Pertanyaannya bagaimana meletakkan pikiran pikiran ideologis Bung Karno dalam konteks membaca apakah bupati hari ini adalah sekedar “bupati online” atau “pemimpin offline” dengan daya tumpu ideologis?

Mentalitas “bupati online” tidak bertumbuh dari taman taman sari pemikiran ideologis tapi bertumpu pada selebritas dan popularitas. Rakyat dimaknai hanya seutas “nitizen” tanpa jiwa, jalan pikiran dimanipulasi hanya potongan vidio vidio pendek, demokrasi kehilangan dimensi spritualitasnya bermigrasi dari dunia nyata ke dunia Maya.

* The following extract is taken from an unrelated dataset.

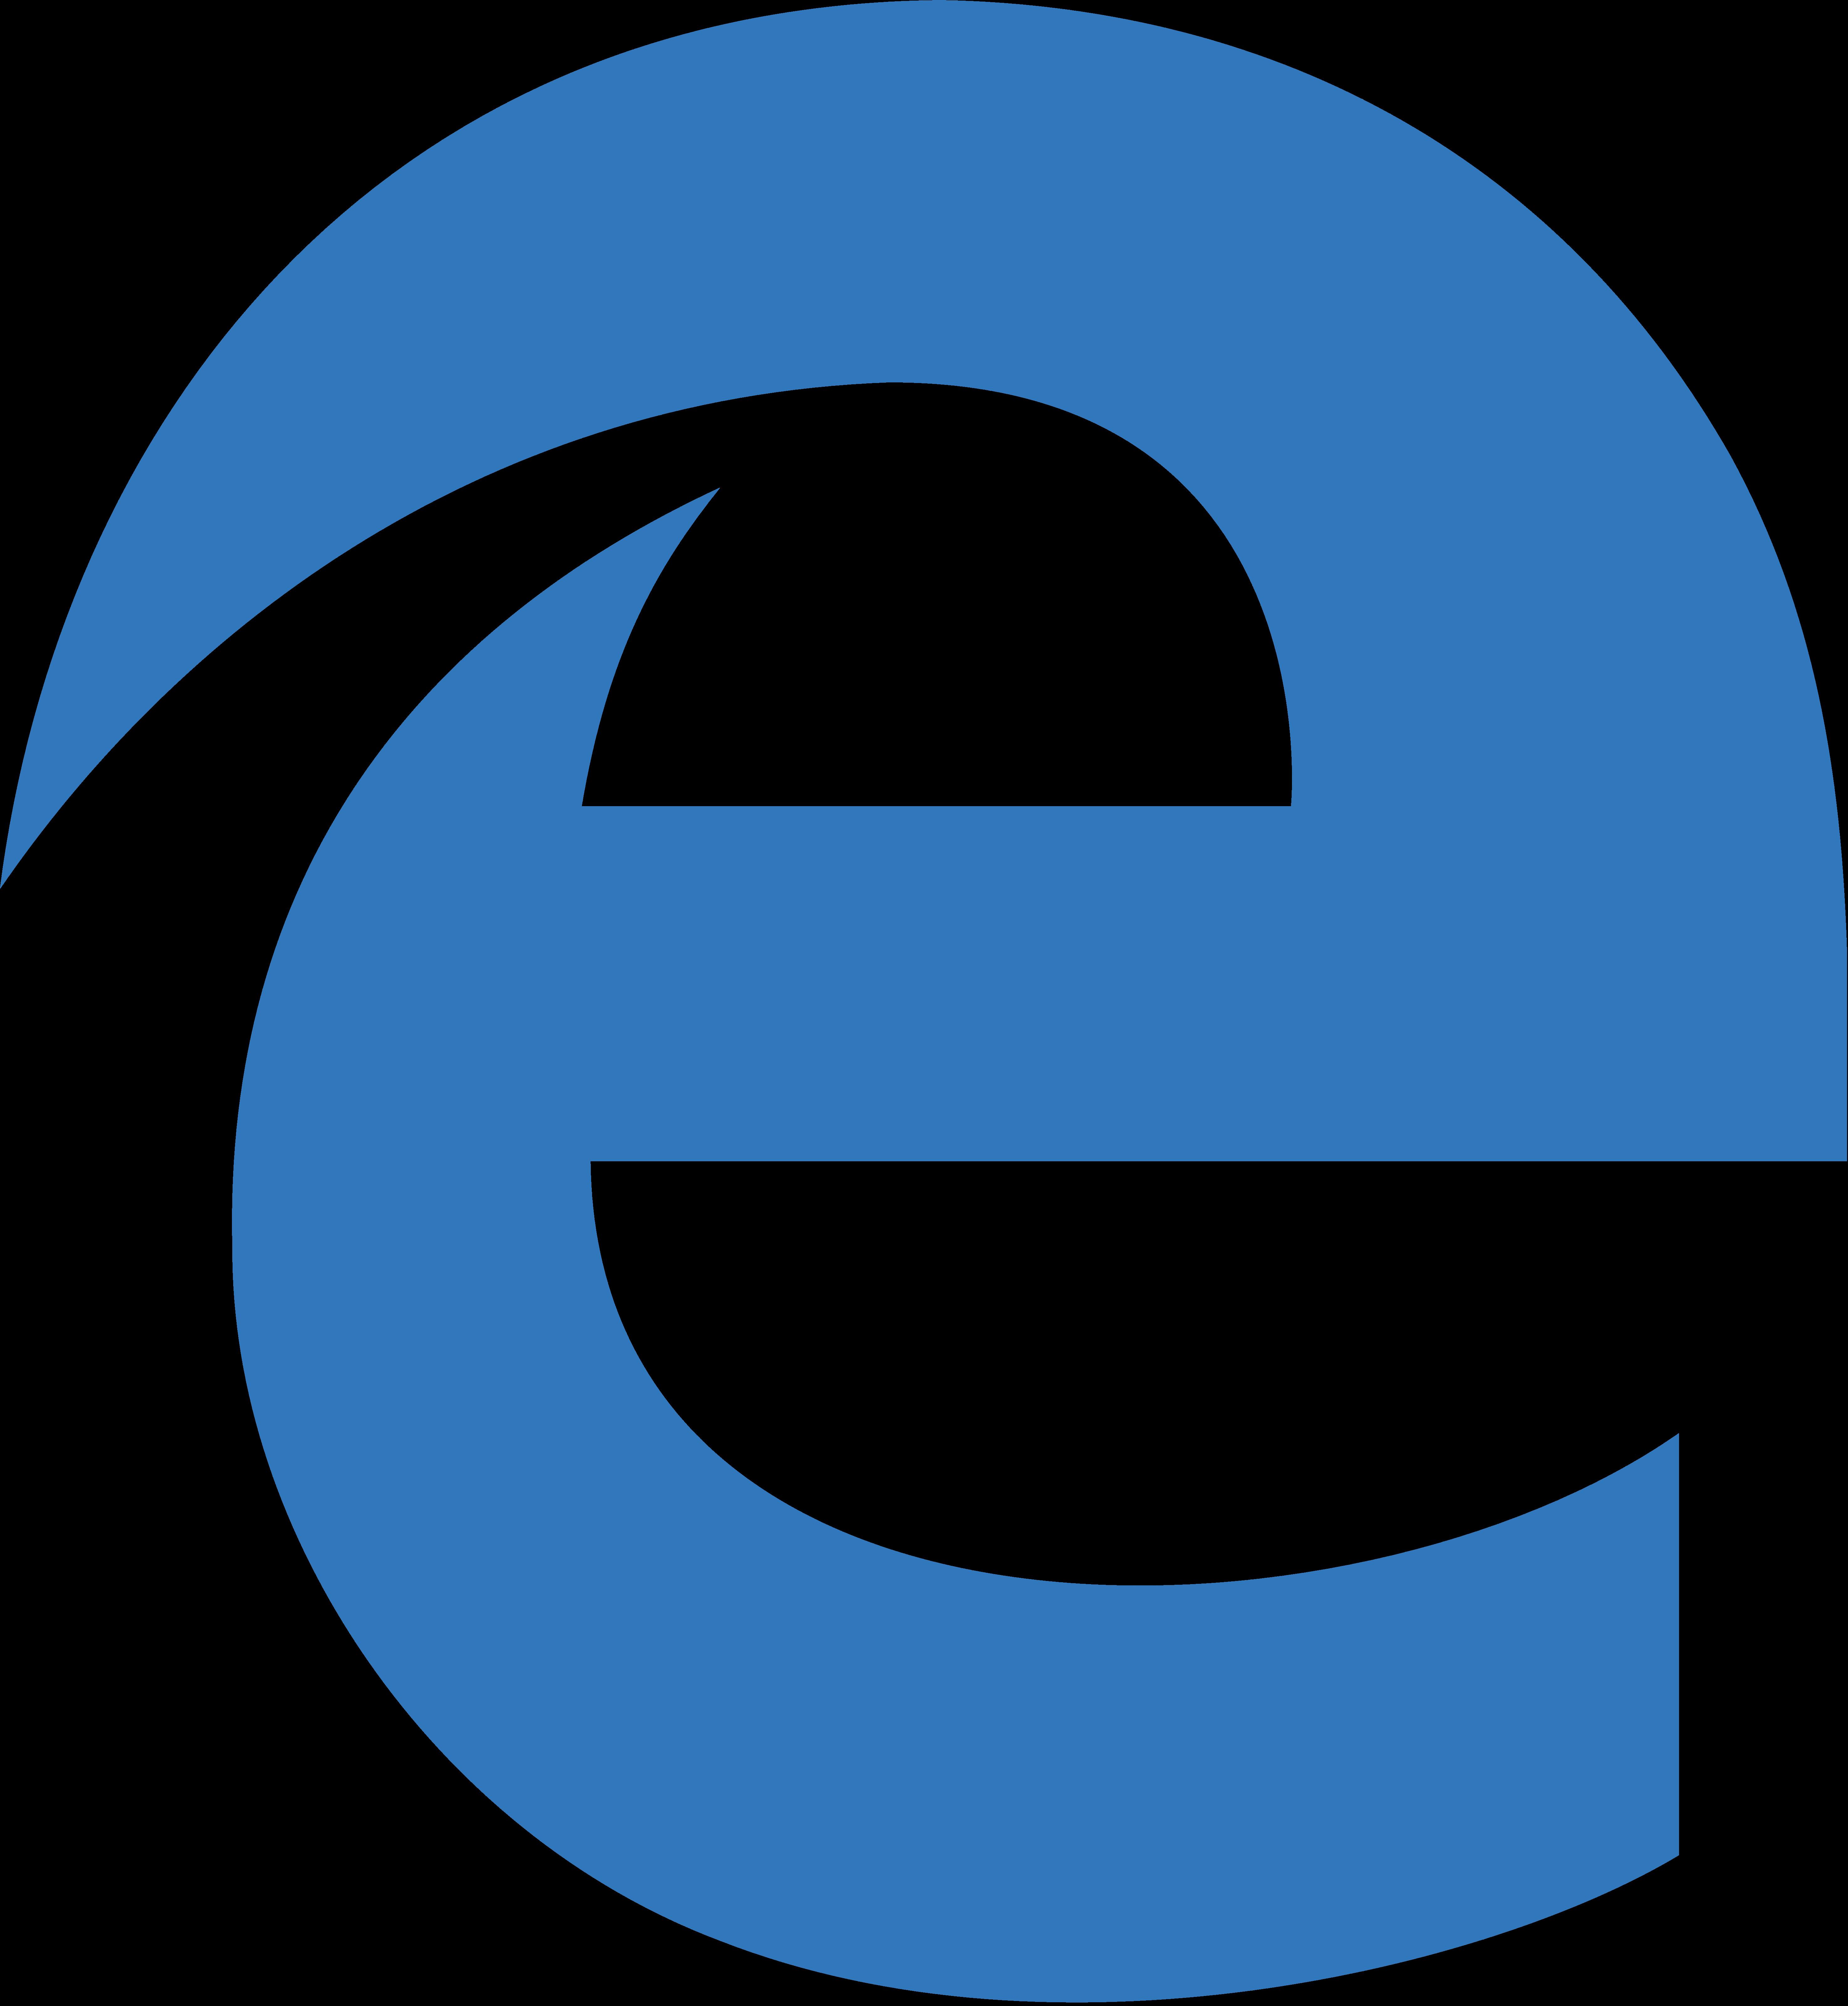 Microsoft Edge – Logos Download
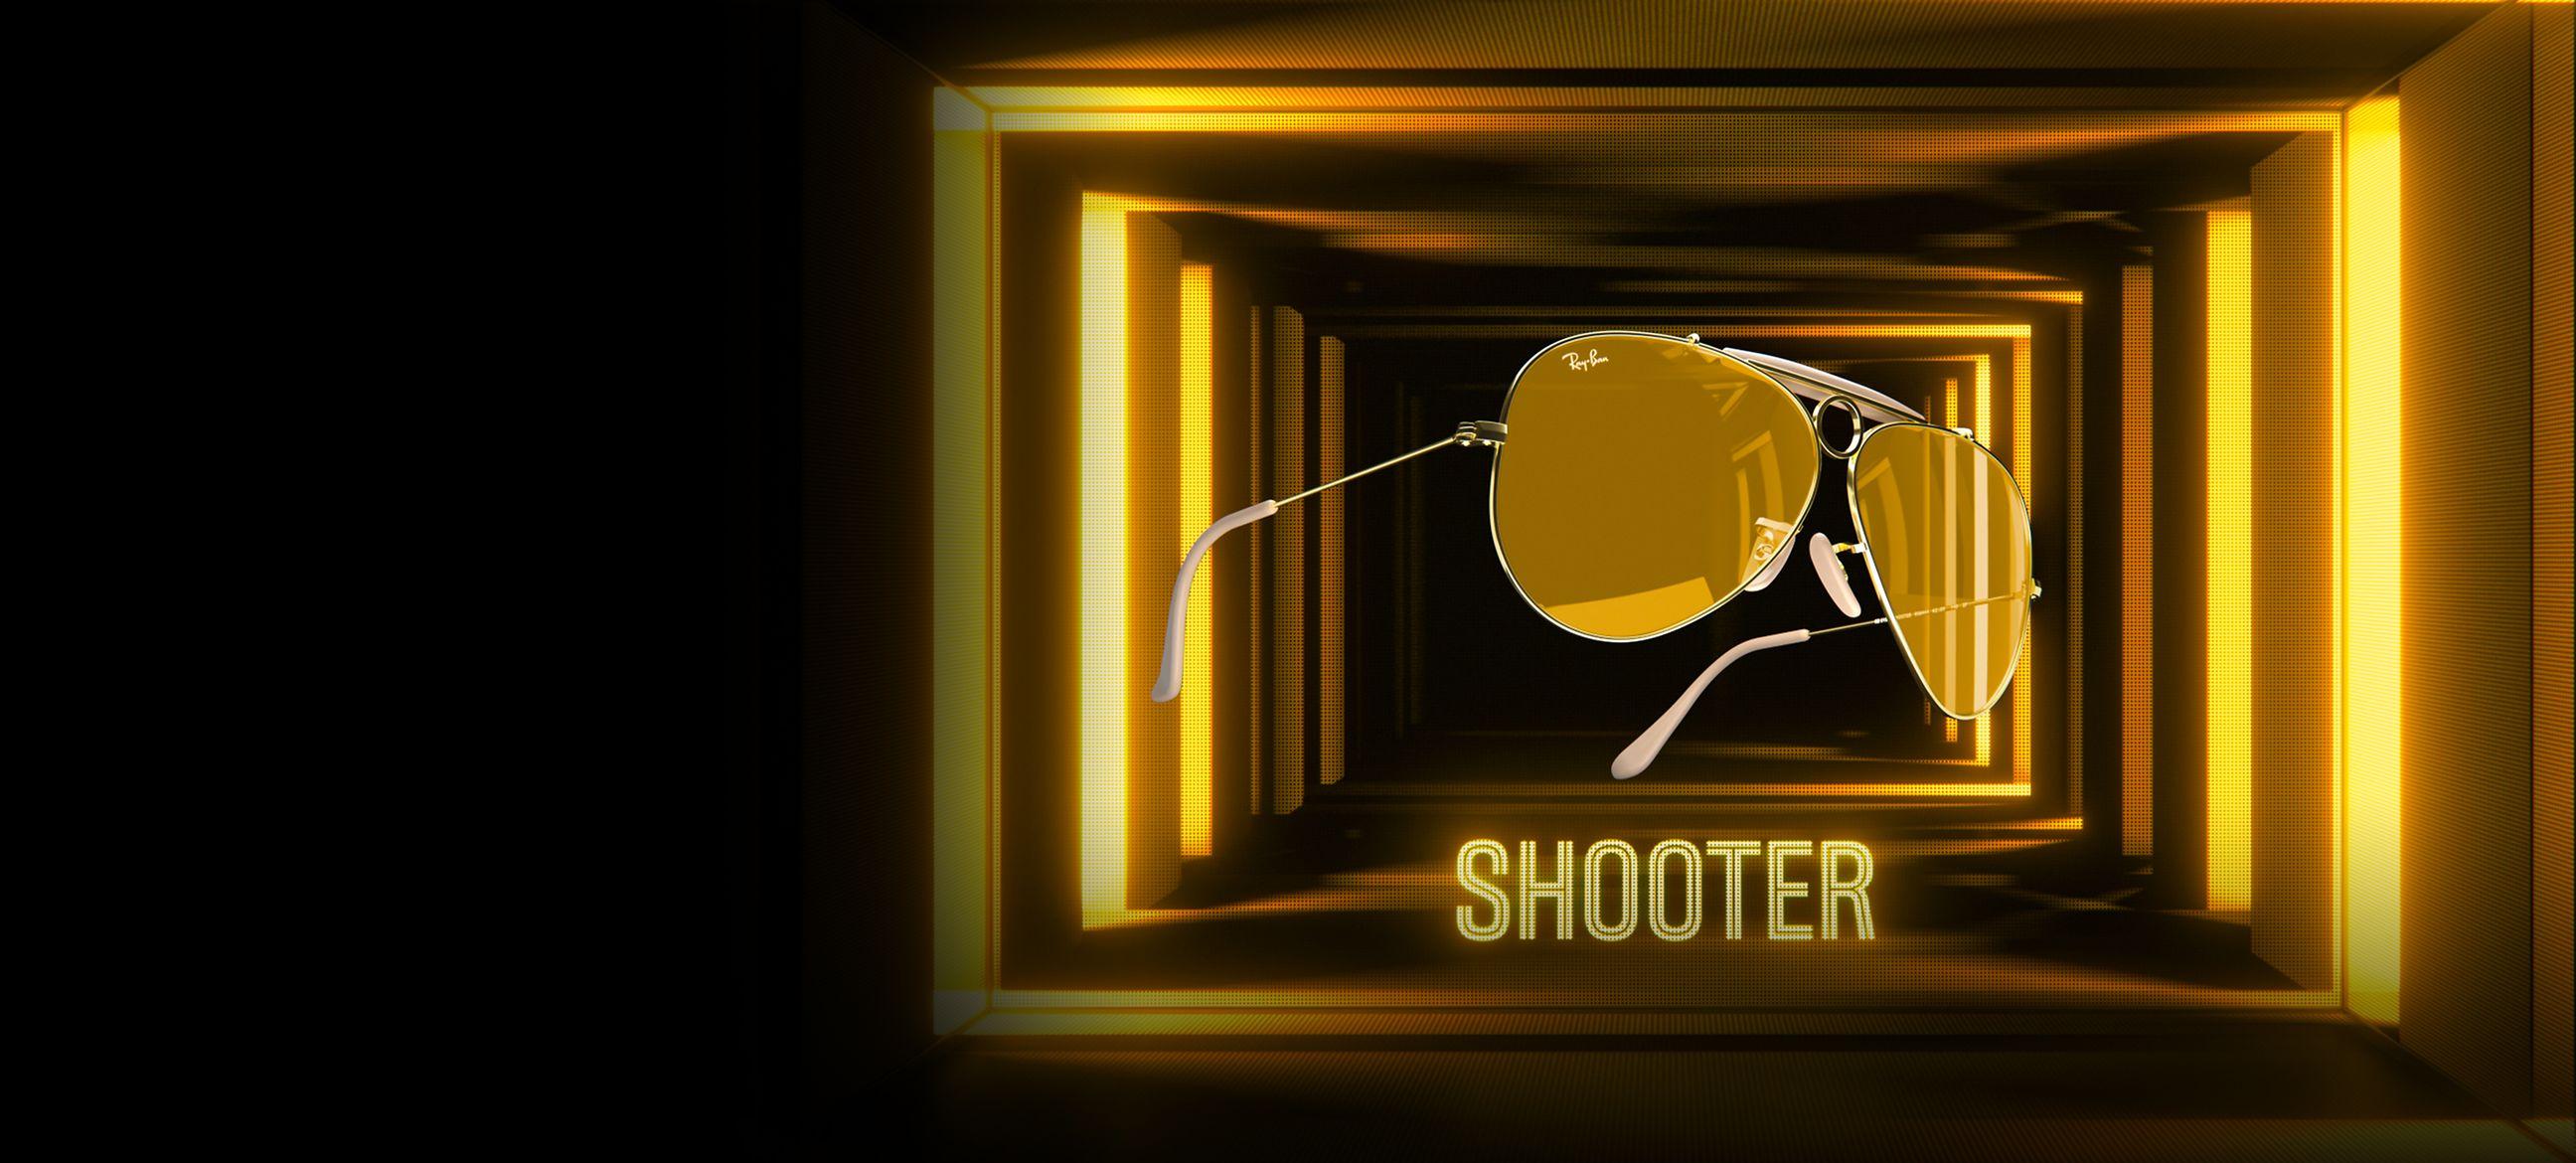 RB_PDPP_Ambermatic_Shooter (1)

Di sisi lain jangkar ideologis PDI Perjuangan dalam kepemimpinan politik adalah “Trisakti”, sebuah warisan “hidup” ideologis Bung Karno. Berdaulat secara politik, berdikari dalam ekonomi dan berkepribadian secara kebudayaan.

BACA JUGA :   PR Gubernur dan Wakil Gubernur Jakarta di Bidang Transportasi

Artinya, politik dalam konteks PDI Perjuangan dihayati sebagai pelaksanaan prinsip keyakinan ideologis dan pencapaian idealisme secara manifes. Itulah yang oleh Max Weber, sosiolog modern disebut perjuangan “rasionalitas substantif”.

Perspektif ini hendak menjelaskan perbedaan bobot makna Religius, ekonomi kerakyatan dan gotong royong dari sudut pandang ideologis Bung Karno dan orientasi makna politis dari “Religius , Ekonomi Kerakyatan dan Gotong Royong yang dirangkum dalam visi Indramayu “Reang”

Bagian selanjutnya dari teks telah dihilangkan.